A disgruntled, disabled electrician named Jim H. Forrester drove his Chevrolet Suburban into the office of the State Industrial Insurance System in Las Vegas and went on a shooting rampage through the first floor of the building. In this incident, although no one was killed, about 25 employees later filed claims for stress and for injuries, and many of the 400 employees later received individual and group therapy.

  The annals of workplace killers are heavily weighted toward lowerrank former employees, but one of the first such killers to come to the public’s attention was a former IB M executive and engineer, Edward Thomas Mann. He had resigned, rather than be fired, after his performance ratings had slipped. Mann charged that he was a victim of racial discrimination. He traded in his white shirt and other appurtenances of IB M life and donned an olive-drab fatigue jacket and ski mask. Then, in pseudocommando style, Mann crashed his bronze Lincoln Continental into the lobby of an IB M office building in Rockville, Maryland. He leaped out of the car with two loaded rifles, a shotgun, and a pistol, using these to kill two people and wound seven more in a long siege, at the end of which he surrendered to police. Two years later, in prison, he hanged himself.
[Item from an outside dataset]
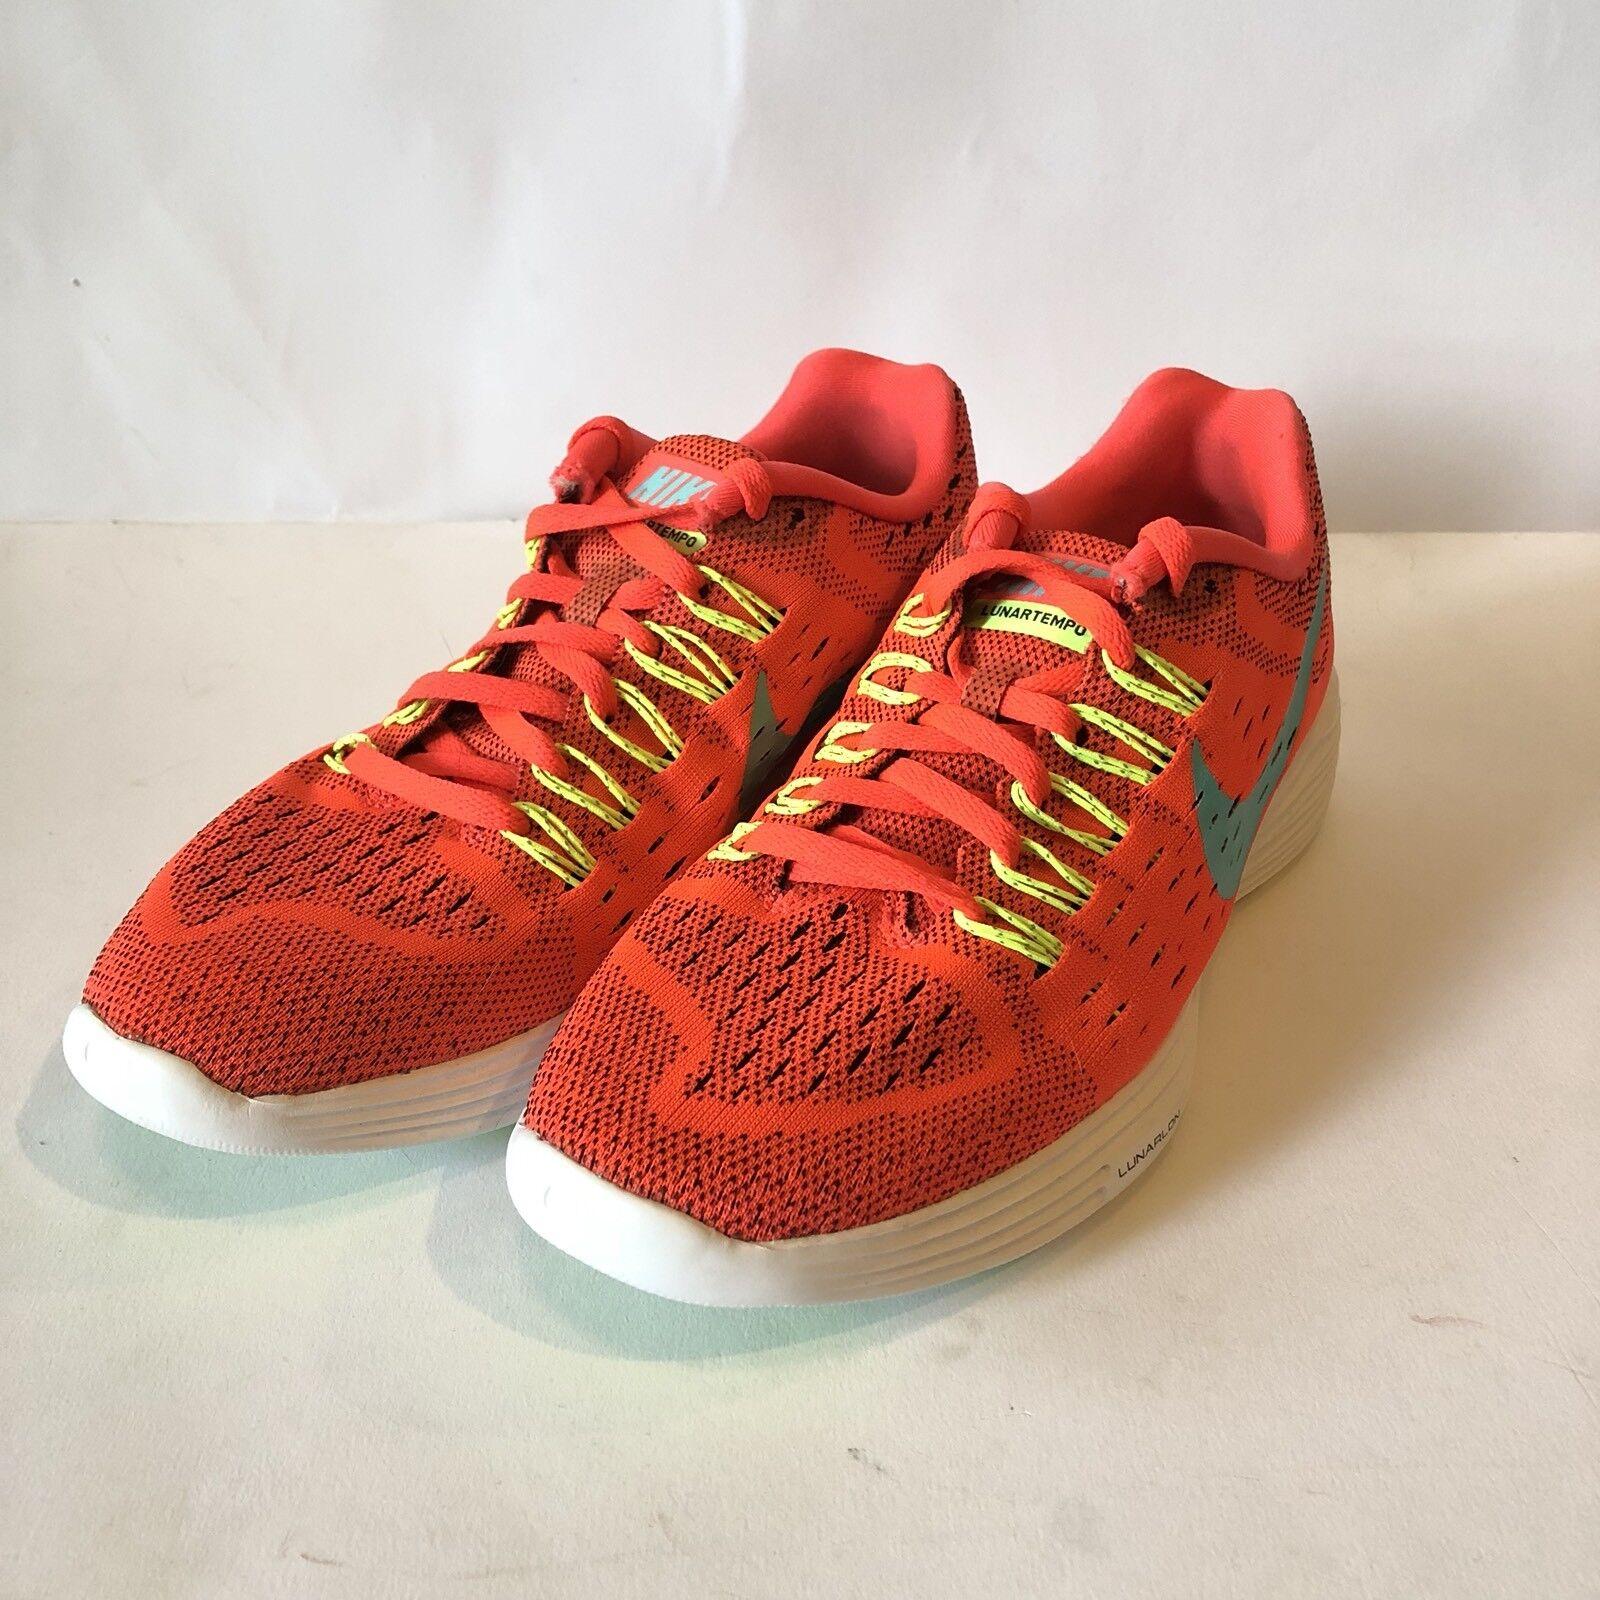 Nike Lunartempo Womens Size 6.5, Orange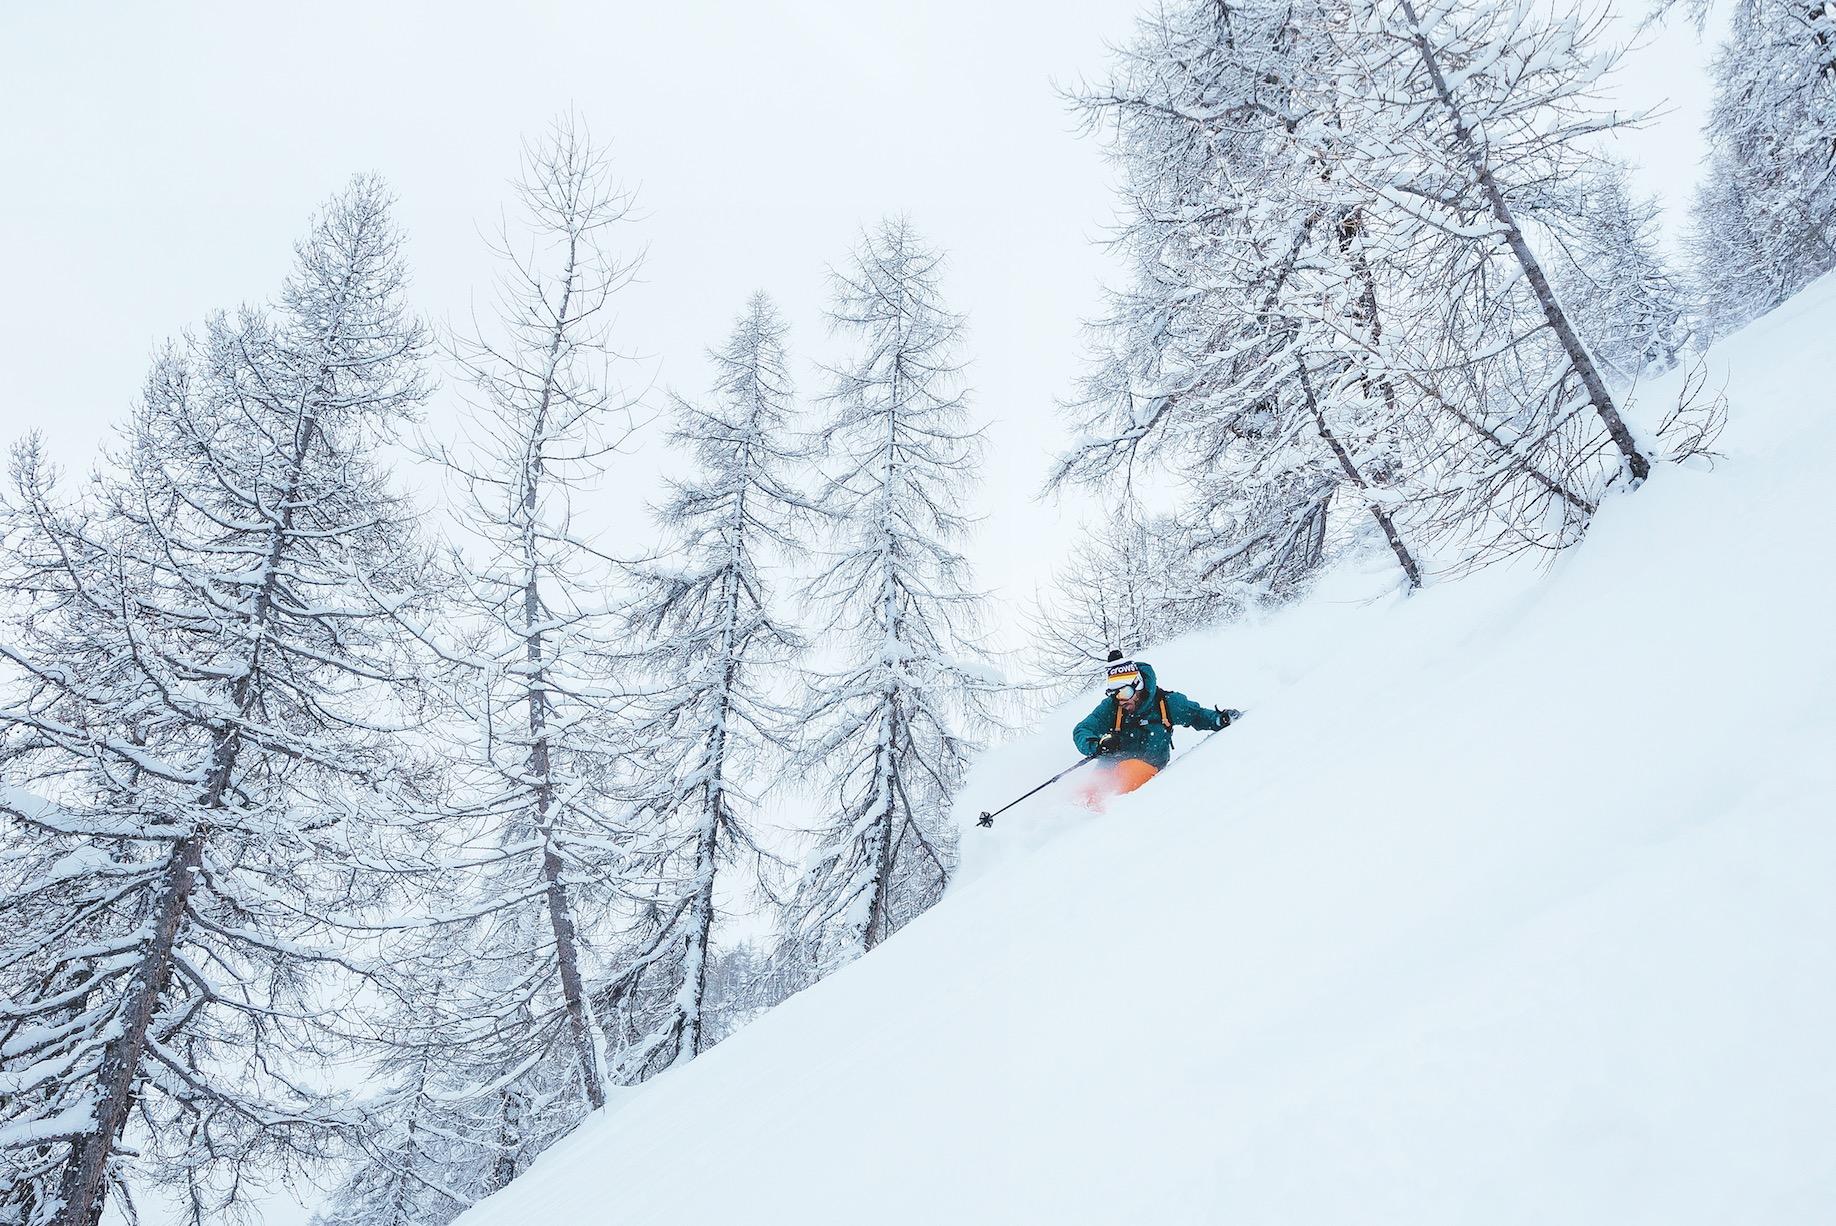 TVERRFAGLIG KOMPETANSE: Julien Regnier er sjef for Linecatcher og for skidesign i Black Crows. Her kombinerer han rollene ved å teste både ski og konkurranseforhold. Alle foto: Elina Sirpanta

  Most perpetrators of workplace violence are white men, but occasionally they are women. In every setting except where women are acutely psychotic, men have a higher incidence of violent behavior. Gail Levine, age 62, was convicted of sabotage against the Pepsi-Cola company by a federal jury in Denver. She had placed a syringe in a Diet Pepsi can during the tampering scare—as delayed vengeance against the company that had fired her husband 18 years earlier. In a rare case of workplace violence perpetrated by a woman, 30-year-old industrial engineer Elizabeth A. Teague attempted to set the Eveready Battery plant in Bennington, Vermont, on fire by detonating several homemade black powder and gasoline bombs. Before the bombs went off, she shot and killed the plant manager and wounded two coworkers at the plant where she had worked. Captured, she complained to the FB I of racial harassment at Eveready, that her home phone had been tapped by the company, and that coworkers had stolen and sold company secrets. Police also found at her home some media accounts that had fueled her vengeful feelings: stories about the Luby’s Cafeteria massacre and about Anita Hill’s sexual harassment charges against Supreme Court nominee Clarence Thomas.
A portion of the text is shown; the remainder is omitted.